In some preferred embodiments of the present invention, in step S3, the solvent is removed by drying, wherein the temperature of drying is 60-80 ℃; the drying time is 10-15 hours.

In a third aspect, the invention provides an application of the nanofiber material according to the first aspect or the nanofiber material obtained by the preparation method according to the second aspect in nitrobenzene monitoring of chemical wastewater, which comprises the steps of immersing the nanofiber material in the chemical wastewater for 1-3 minutes, and detecting a fluorescence emission signal of the nanofiber material at 420 nm. And (3) calculating the fluorescence quenching rate of nitrobenzene on the nanofiber material through a formula (I), and calculating the concentration of nitrobenzene in the wastewater through a formula (II).

Q＝(F₀-F)/F₀ (I)

F₀/F＝Kc+b (II)

Wherein Q is fluorescence quenching rate, F is fluorescence intensity of the nanofiber material in the wastewater, and F is fluorescence intensity of the nanofiber material in the wastewater₀Is the initial fluorescence intensity of the nanofiber material itself; c is the concentration of nitrobenzene in the wastewater and the K and b values are obtained by making a standard curve.

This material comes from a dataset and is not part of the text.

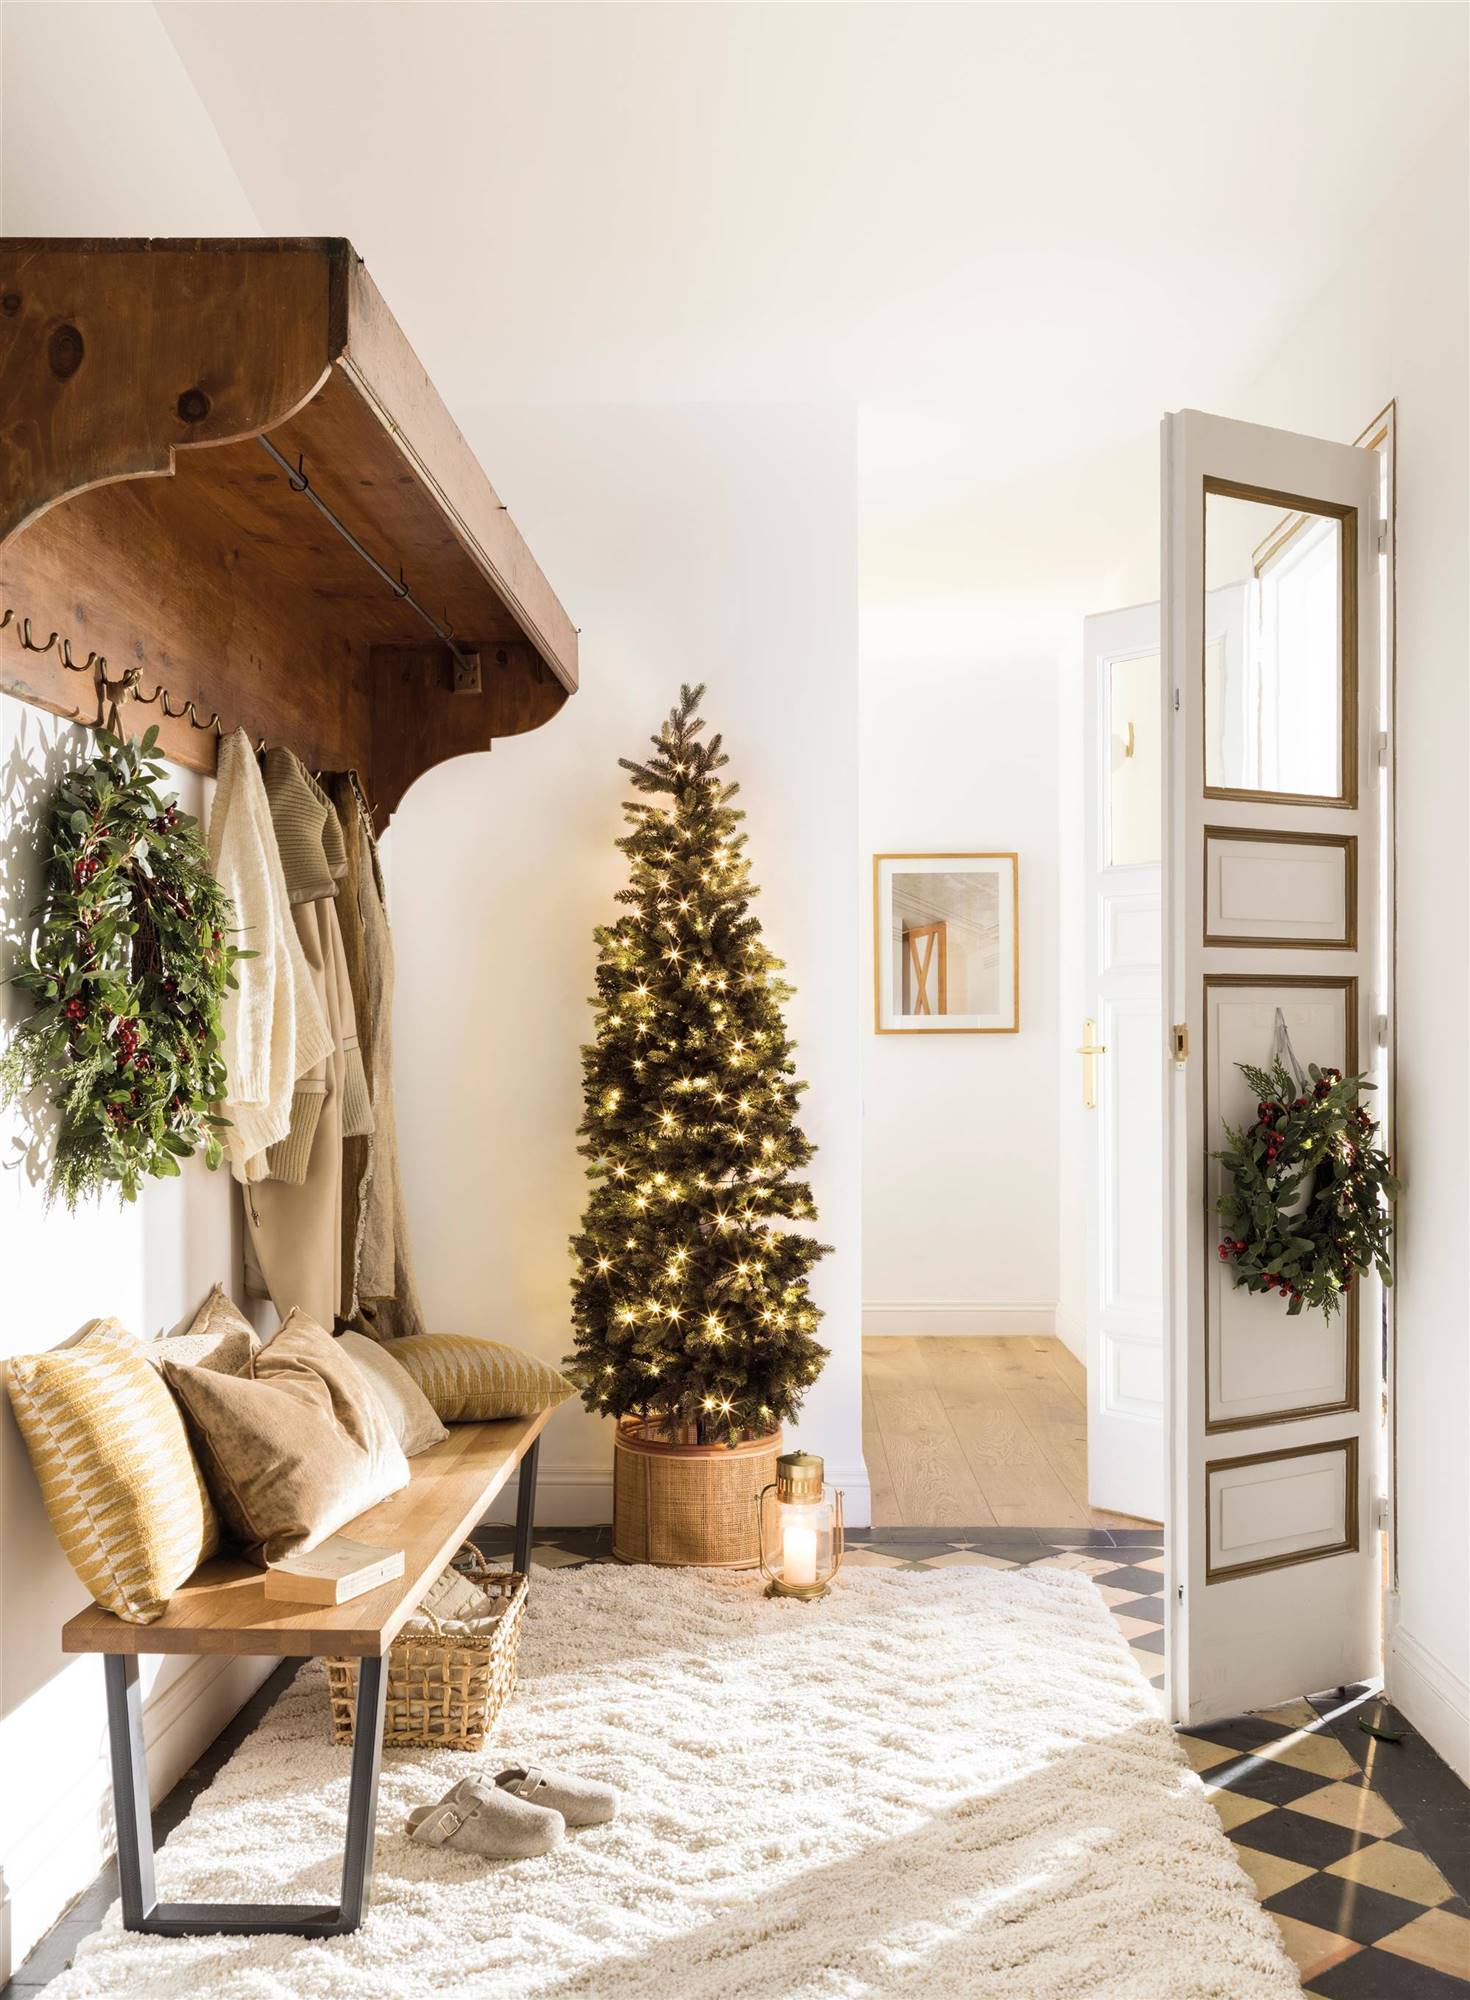 Recibidor con perchero de madera, banco zapatero, alfombra de pelo blanco y corona navideña en puerta de entrada 00515385

The manufacturing method of the standard curve comprises the following steps: measuring the influence of nitrobenzene solutions with different concentrations on the fluorescence intensity of the nanofiber material as F₀and/F is a vertical coordinate, c is a horizontal coordinate, a standard curve is fitted through data processing, and a standard curve equation is obtained, wherein the slope of the equation is K, and the intercept is b.

Compared with the prior art, the invention has the following beneficial effects:

the novel nanofiber material with the fluorescence sensing function is prepared by an electrospinning technology, and the method is simple, easy, rapid, efficient, low in cost, good in universality and suitable for polymer matrixes and fluorescent agents of different types. The prepared novel nanofiber material has a novel and unique one-dimensional nanofiber shape, the detection limit of the material for monitoring p-nitrobenzene in wastewater is very low, and the detection can be realized by 0.2 mu g/L nitrobenzene in water; the response time to nitrobenzene in the wastewater is short, and the shortest time is only 1 min; the material has excellent regeneration performance, can be repeatedly used for more than 20 times, still keeps the fluorescence intensity at more than 96 percent, and can be repeatedly used.

Drawings

The present invention will be described in further detail with reference to the accompanying drawings.

FIG. 1 is a scanning electron micrograph of a nanofiber material in example 1;

FIG. 2 is a transmission electron micrograph of the nanofiber material in example 1;

FIG. 3 is a standard curve chart for the calculation of nitrobenzene concentration in wastewater in test examples 1-7;

FIG. 4 is a graph depicting the reproducibility of the nanofiber material of example 1.

Detailed Description

In order that the invention may be more readily understood, the following detailed description of the invention is given, with reference to the accompanying examples and drawings, which are given by way of illustration only and are not intended to limit the scope of the invention.

In view of the problems that the method for monitoring nitrobenzene in the prior art has complicated process, higher cost and lower detection sensitivity and response sensitivity; the invention provides a method for preparing a nanofiber material with a fluorescence sensing function by using an electrospinning technology, which is simple and rapid, has good universality, and has the characteristics of good stability, reproducibility and reproducibility, and high sensitivity and selectivity when used for monitoring nitrobenzene in chemical wastewater. The present invention has been made based on the above findings.

The test instrument employed in the present invention was as follows:

scanning electron microscopy: obtaining by using a scanning electron microscope of type S570;

transmission electron microscopy: obtained by JEM-100CX type transmission electron microscope

Fluorescence emission signal: the measurement was carried out using a fluorescence spectrometer model F4500.